Beekeeper’s Plight Points to $109 Billion Remittances Problem

(Bloomberg) -- Since the breakup of the Soviet Union three decades ago, Khatam Khaydarov has helped support his family in Uzbekistan by traveling over 1,500 miles to work in Russia for months at a time. Not this year.

Khaydarov, 62, was visiting his home in Samarkand in March when Russia and Uzbekistan shut their borders to halt the spread of the coronavirus. The beekeeper has lost about 60,000 rubles ($858) in income since then, and has been living off savings.

“Naturally I send money home when I work in Russia,” he said. “We didn’t have much in savings, but what little we had has been spent during the quarantine.”
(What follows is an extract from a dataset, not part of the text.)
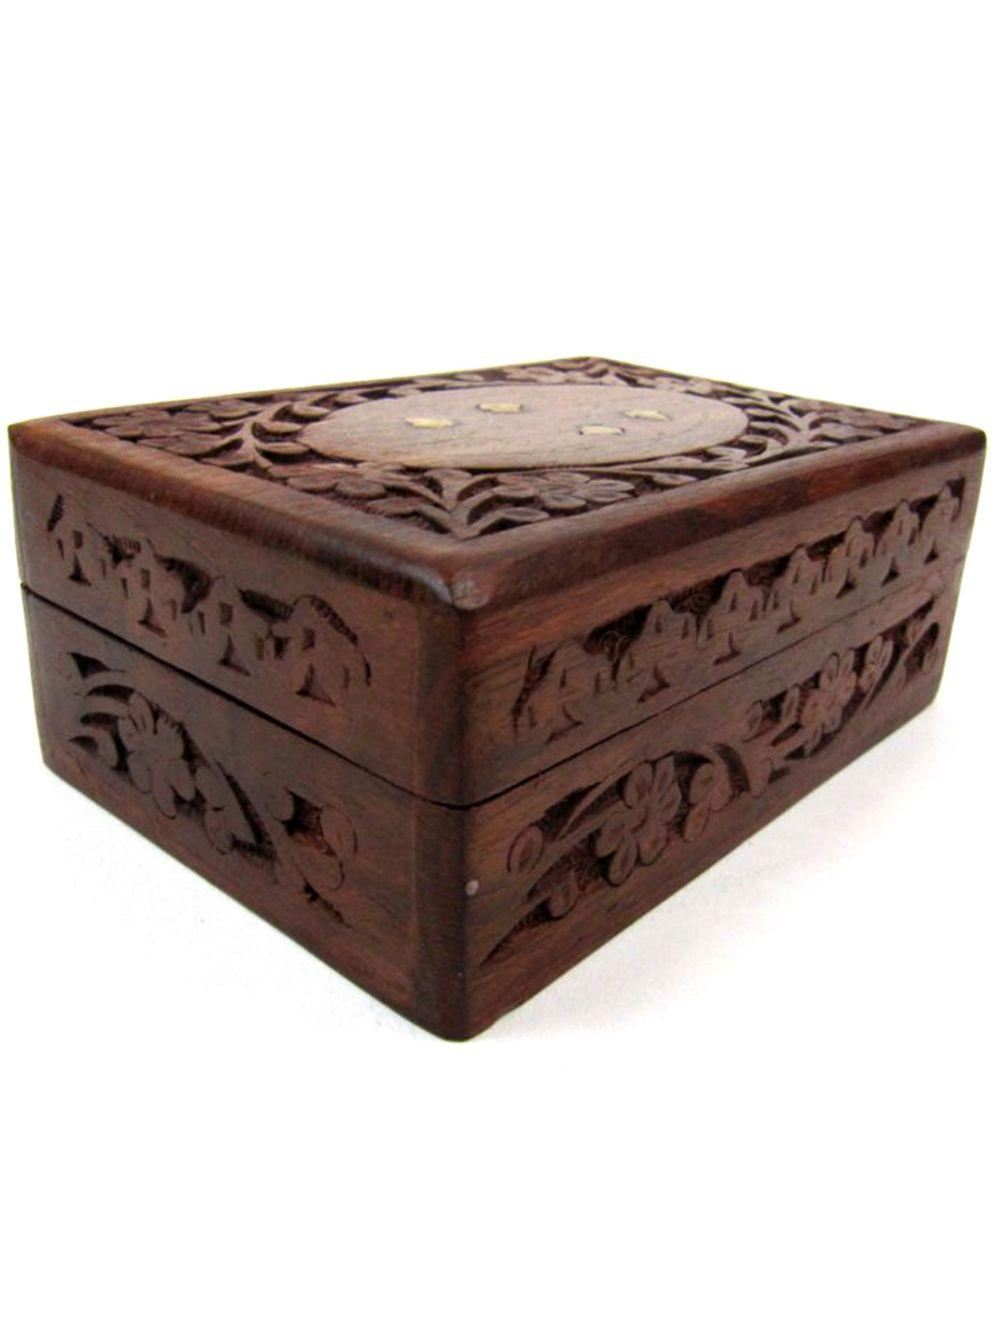 Carved Sheesham Wood Box Inlay Design

Khaydarov’s plight is a microcosm of a wider problem for some smaller emerging economies, which often rely on money sent home from emigrants. The World Bank expects remittances to lower and medium income countries to fall $109 billion, or 20%, this year, the sharpest decline in recent history. Europe and central Asia will likely be worst hit.

Border closures imply a “doubling or a tripling of the impact” of coronavirus for some economies, according to European Bank for Reconstruction and Development economist Eric Livny.

“You can’t go to Russia and you can’t find a job at home,” Livny said. “Not now, not in the near future.”

Beekeeper’s Plight Flags $109 Billion Remittances Problem

For decades, remittances from commodity-rich Russia have been propping up poorer nations in the former Soviet Union, with some countries relying on the income for as much as a third of economic output. In turn, Russia, which has a shrinking population, benefits from the influx of cheap labor.

Georgia saw money sent home drop by more than 40% in April, while Tajikistan, which is one of the most remittance-reliant countries in the world, posted a 50% decline in March and April.

“For many of the most vulnerable families, that will be 100% of their income,” Livny said.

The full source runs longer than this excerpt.